MARTIN: What is your sense of how the kind of overarching racial dialogue right now plays into this? And I think it also fair to mention that your commission also recently held hearings where J. Christian Adams testified. He's a Department of Justice career attorney who says that he resigned because he didn't feel that the administration was aggressively pursuing a voting rights case that he feels they should have pursued. And he feels that this, in his words, he's been a guest on this program, suggest that there is a double standard. And you recently heard testimony from him. Do you think that that factors into this?

Mr. REYNOLDS: Well, the atmosphere, in terms of having a thoughtful discussion on issues that intersects with race, it's very difficult. Both sides generally come in locked into their position. Both sides exhibit very little trust. And, quite frankly, I can understand the lack of trust because they have individuals on both sides that have taken advantage of some of these situations.

But going but you also mentioned the commission's investigation into the New Black Panther Party. What we're trying to do is gather the facts. Congress has authorized us to investigate allegations of voter intimidations. In this case we have a videotape that is it's a damning videotape. And we have invited the Department of Justice, and we have to cooperate with us. We want to know why the department elected to withdraw the complaint against three of the four defendants and to narrow the scope of the sanctions sought.

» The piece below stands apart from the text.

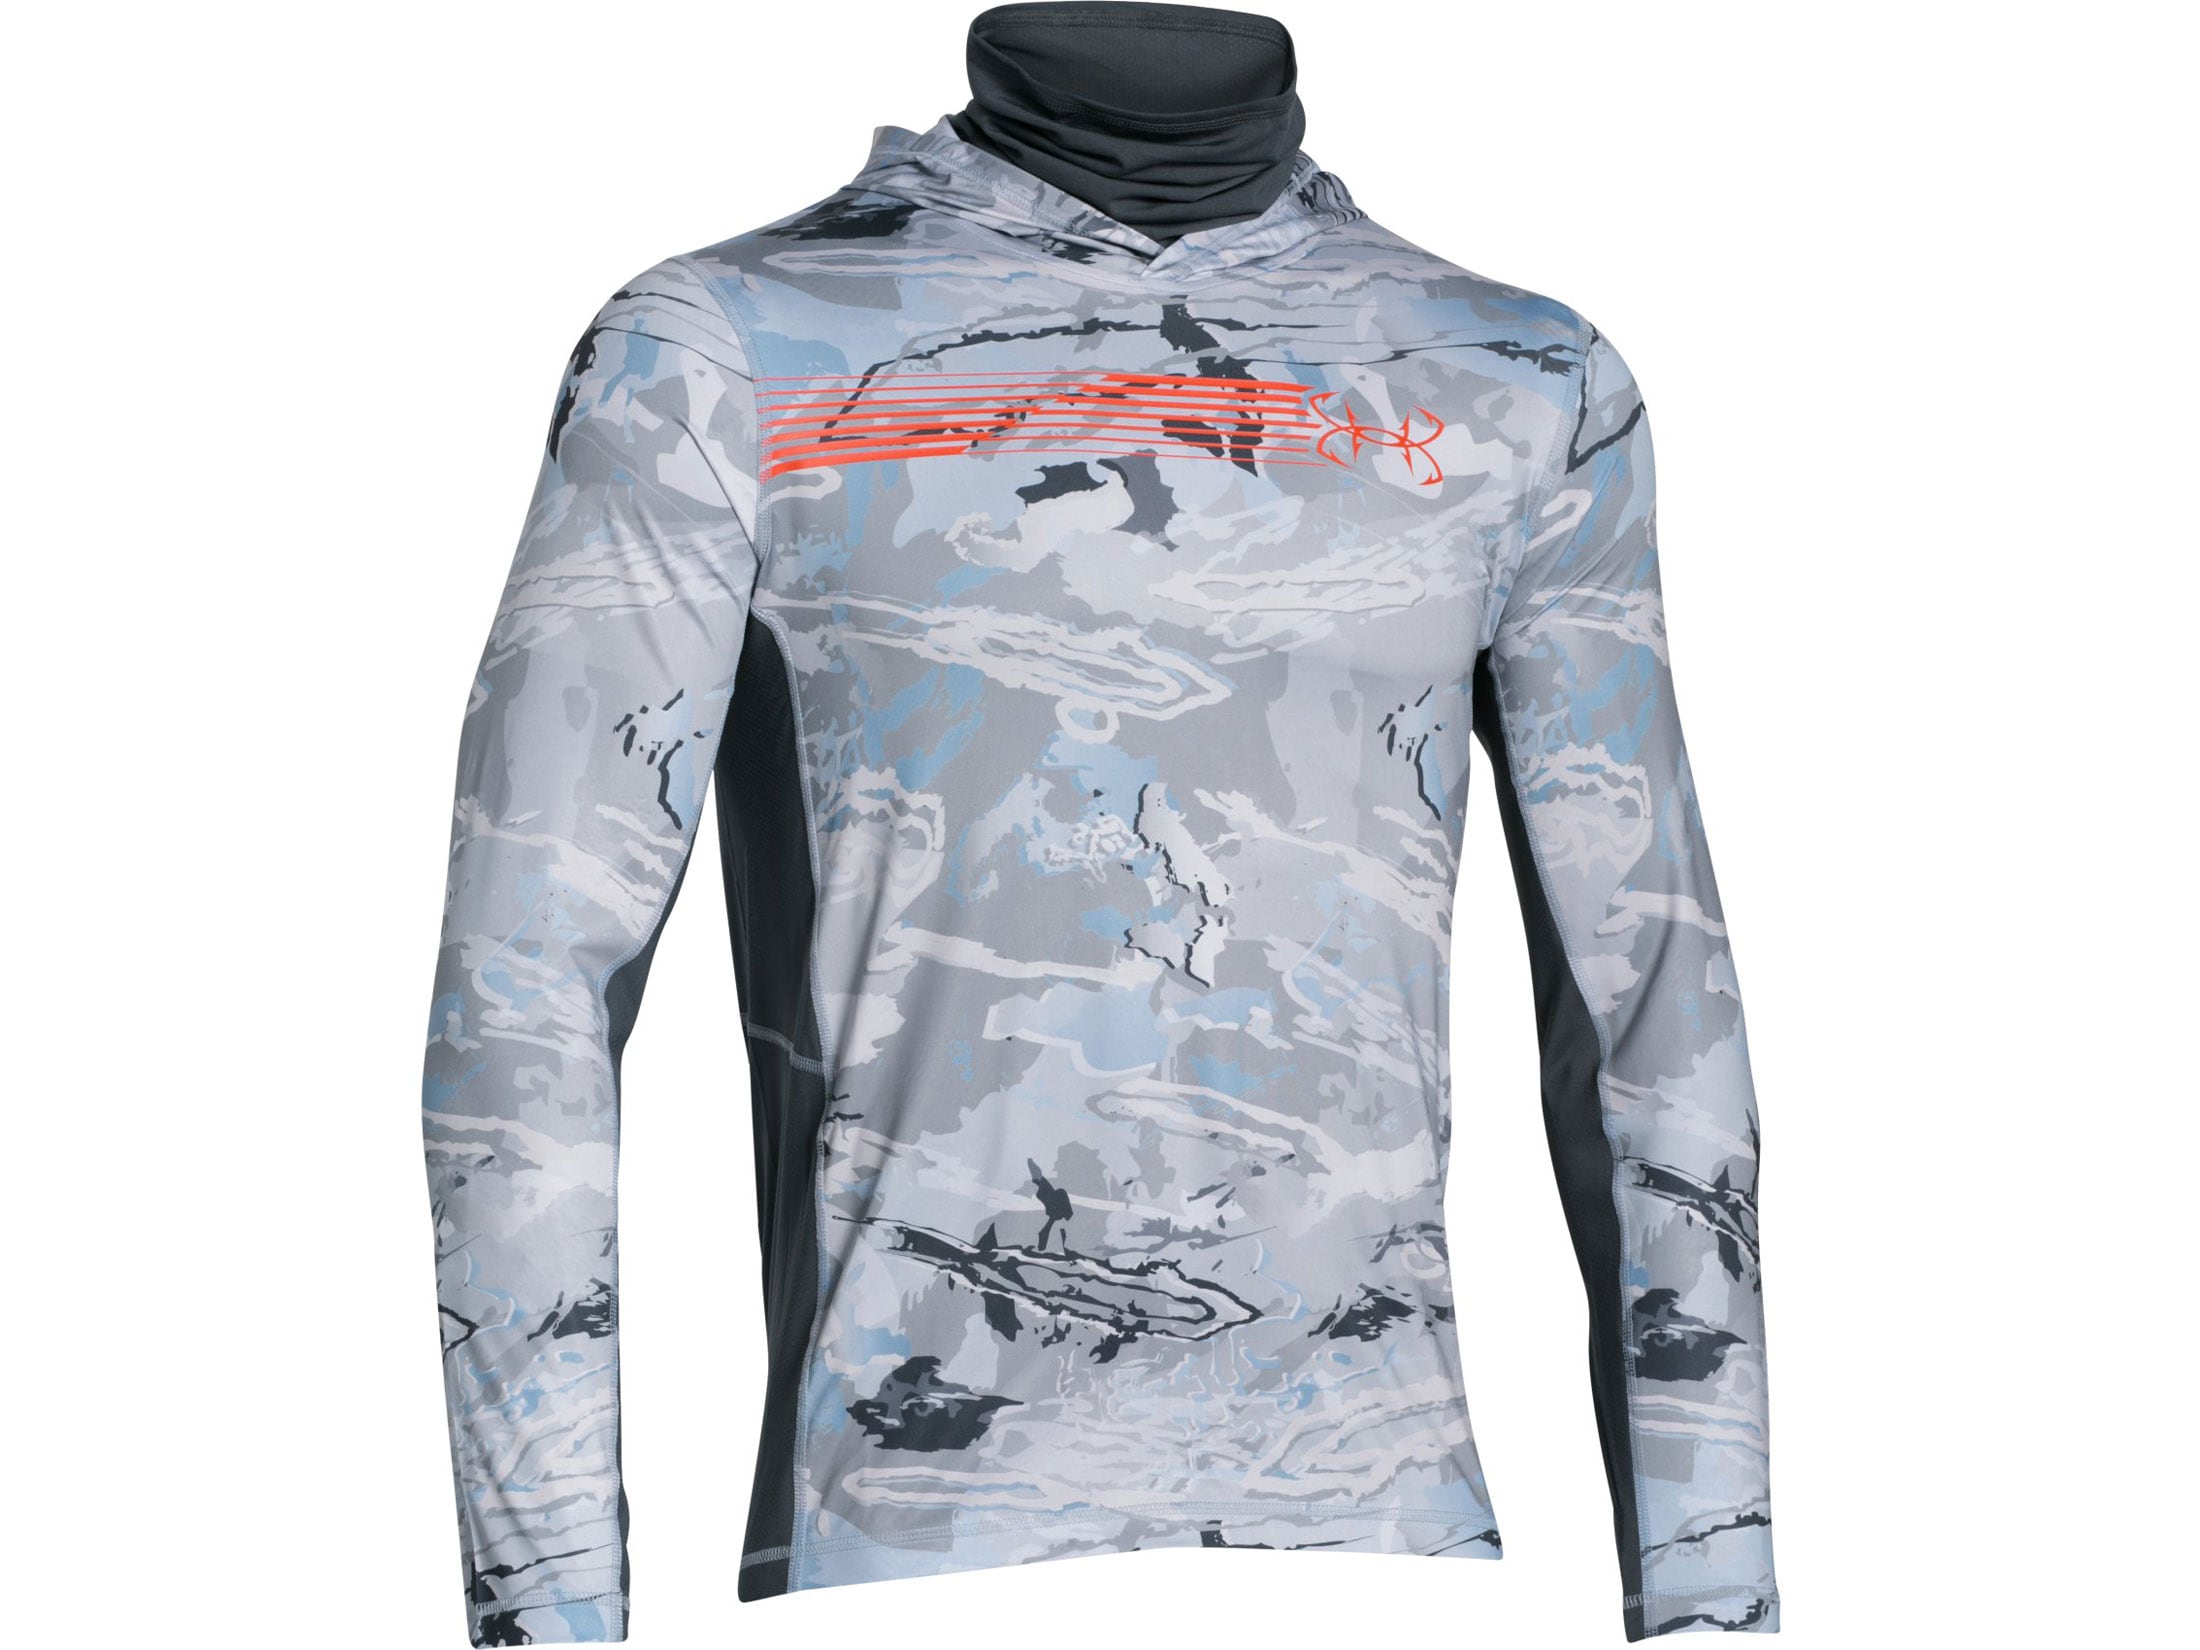 under armour men's coolswitch thermocline hoodie

MARTIN: I understand. That is also a complicated case. If we could just - and perhaps it is worthy of further conversation here. As I mentioned, we have interviewed J. Christian Adams on this matter as well as other parties, too.

Finally, I did want to ask, what do you think is a fair course of action in this case involving Shirley Sherrod, where she did these comments, she's talked about something that happened 20 years ago. She seemed to be inviting it as a testimony for change of heart. She was not a government official at the time. She was the incidents that she described. And her the people she was involved with are advocating for her. And yet there are still people who feel that her comments indicate that she cannot serve in the position that she was in. What do you think should happen now?

Mr. REYNOLDS: I think that the administration should look into the facts to see if she currently embraces those views to confirm or refute her statement that these statements were made years ago. The decision should be based on the facts. From what I'm gathering, what she did was, you know, it was a courageous thing, talking about a personal shortcoming and also talking about how she's overcome that shortcoming.

MARTIN: Gerald Reynolds is the chair of the U.S. Commission on Civil Rights. He joined us on the phone from his office. Thank you so much for joining us.